Reproductive Innovation Through Artistry and Healing
The ARIAH Foundation is a non-profit organization committed to educating, supporting, and advocating for Black Indigenous People of Color (BIPOC), who have been impacted by the systematic racism and oppression in the reproductive healthcare system. ARIAH's programs and sevices are centered around BIPOC mothers, birthing people, their partners and families who have experienced trauma and loss due to disparities and inequities in reproductive healthcare.
The ARIAH Foundation was created by the mother, sister, and life partner of Shamony Makeba Gibson, a 30 year old mother of two who passed away due to a birth-related pulmonary embolism.

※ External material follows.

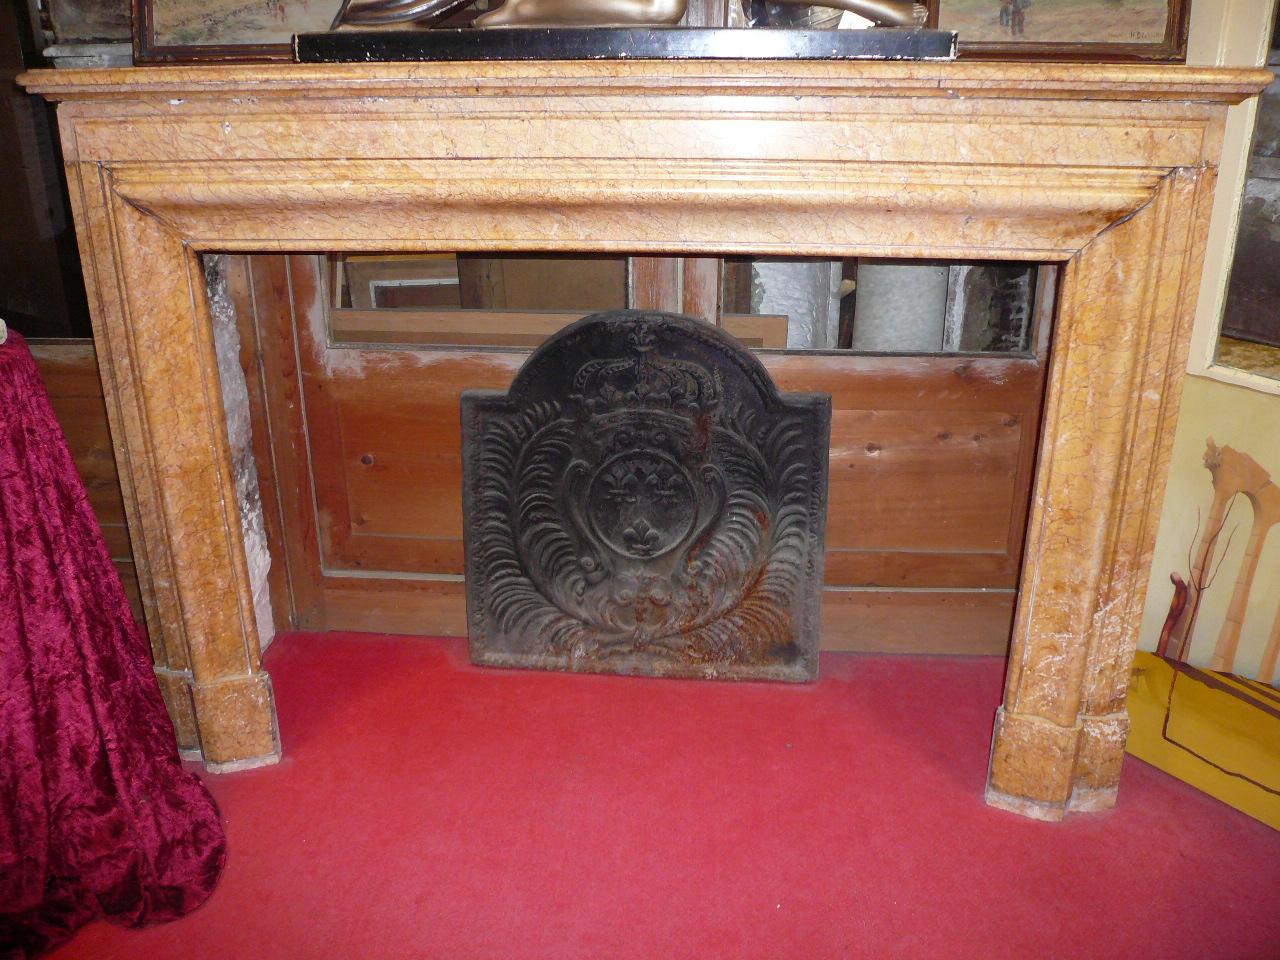 catalogue de chemin es anciennes contient plusieurs dizaines d 39 oeuvres de chemin es en pierre. Black Bedroom Furniture Sets. Home Design Ideas

The founders of the ARIAH Foundation are committed to utilizing art and ritual as modalities for healing the historical and present day traumas that BIPOC communities have experienced in the realm of reproductive healthcare. They have employed the tenets of anit-racist, social and restorative justice as conduits for addressing systematic and institutional racism that create disparite outcomes that contribute to near death experiences and fatalities for BIPOC women and birthing people.
Following the preventable deaths of their loved ones due to childbirth complications, two families galvanize activists, birth-workers and physicians to reckon with one of the most pressing American crises of our time – the US maternal health crisis.
Through the film, we witness these two families become ardent activists in the maternal health space,
seeking justice through legislation, medical accountability, community, and the power of art. Their work
introduces us to a myriad of people including a growing brotherhood of surviving Black fathers, along with
the work of midwives and physicians on the ground fighting for institutional reform. Through their
collective journeys, we find ourselves on the front lines of the growing birth justice movement that is
demanding systemic change within our medical system and government.